[llvm-dev] RFC: Generalize means the sanitizers work with memory
Ivan A. Kosarev via llvm-dev
Overview
========
Currently, LLVM sanitizers, such as Asan and Tsan, are tied to a specific
memory model that relies on presence of hardware support for virtual memory.
This prevents sanitizers from being used on platforms that lack such
support,
but otherwise are capable of running sanitized programs. Our research
indicates that adding support for such platforms is possible with a
relatively
small amount of changes to the sanitizers source code and zero
performance and
size penalty on currently supported systems. We also found that these
changes
clarify and formalize the functional and performance dependencies between
sanitizers and system memory so they can be considered an improvement in
terms of design and readability regardless of the added capabilities.
One can
think of it as a zero-cost abstraction layer.
The Approach
============
To support platforms that do not have hardware virtual memory managers,
we need to introduce the concept of physical memory pages that work as the
storage for data that sanitizers currently read and write by virtual
addresses.

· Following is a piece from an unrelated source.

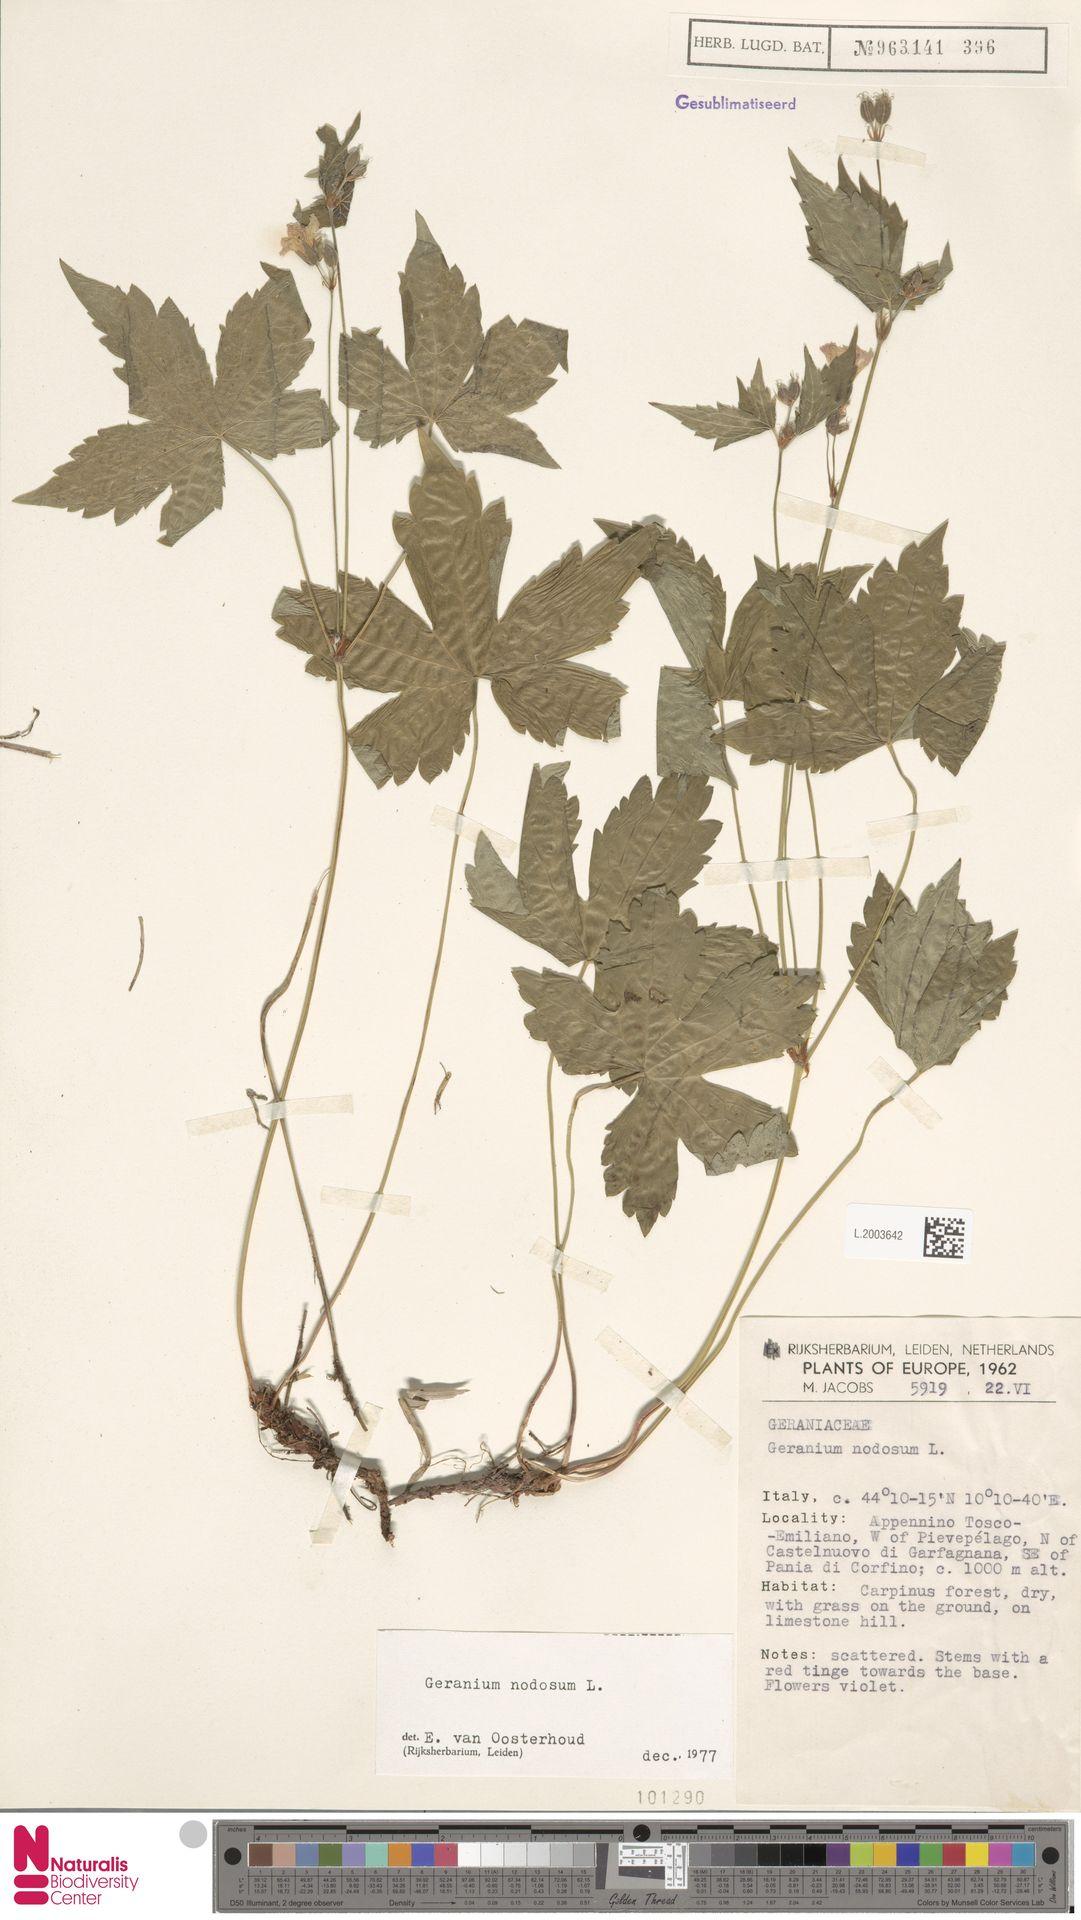 L.2003642   Geranium nodosum L.

In presence of the concept of physical memory, every time we
access
virtual memory we have to translate the given virtual address to a physical
one. For example, this check:
*(u8 *)MEM_TO_SHADOW(allocated) == 0
becomes:
*MEM_TO_PSHADOW(allocated) == 0
where the MEM_TO_PSHADOW(mem) macro is defined as:
#define MEM_TO_PSHADOW(mem) VSHADOW_TO_PSHADOW(MEM_TO_VSHADOW(mem))
#define MEM_TO_VSHADOW(mem) /* Whatever currently MEM_TO_SHADOW() is. */
The VSHADOW_TO_PSHADOW(vs) macro returns a pointer to a byte within a
physical page that corresponds to the given virtual address and
allocates this
page if it has not been allocated before. On platforms that leverage
hardware
virtual memory managers this macro returns the virtual address as a physical
one:
#define VSHADOW_TO_PSHADOW(vs) (reinterpret_cast<u8*>((vs)))
Physical pages are required to be aligned by their size. The size of
physical
pages is a multiple of the shadow memory granularity (8 bytes for Asan) and
not less than the size of the widest scalar access we have to support (16
bytes). This makes trivial finding page offsets, which we need to implement
RTL functions efficiently. This also simplifies handling of aligned accesses
to physical memory as they are known to not cross bounds of physical pages.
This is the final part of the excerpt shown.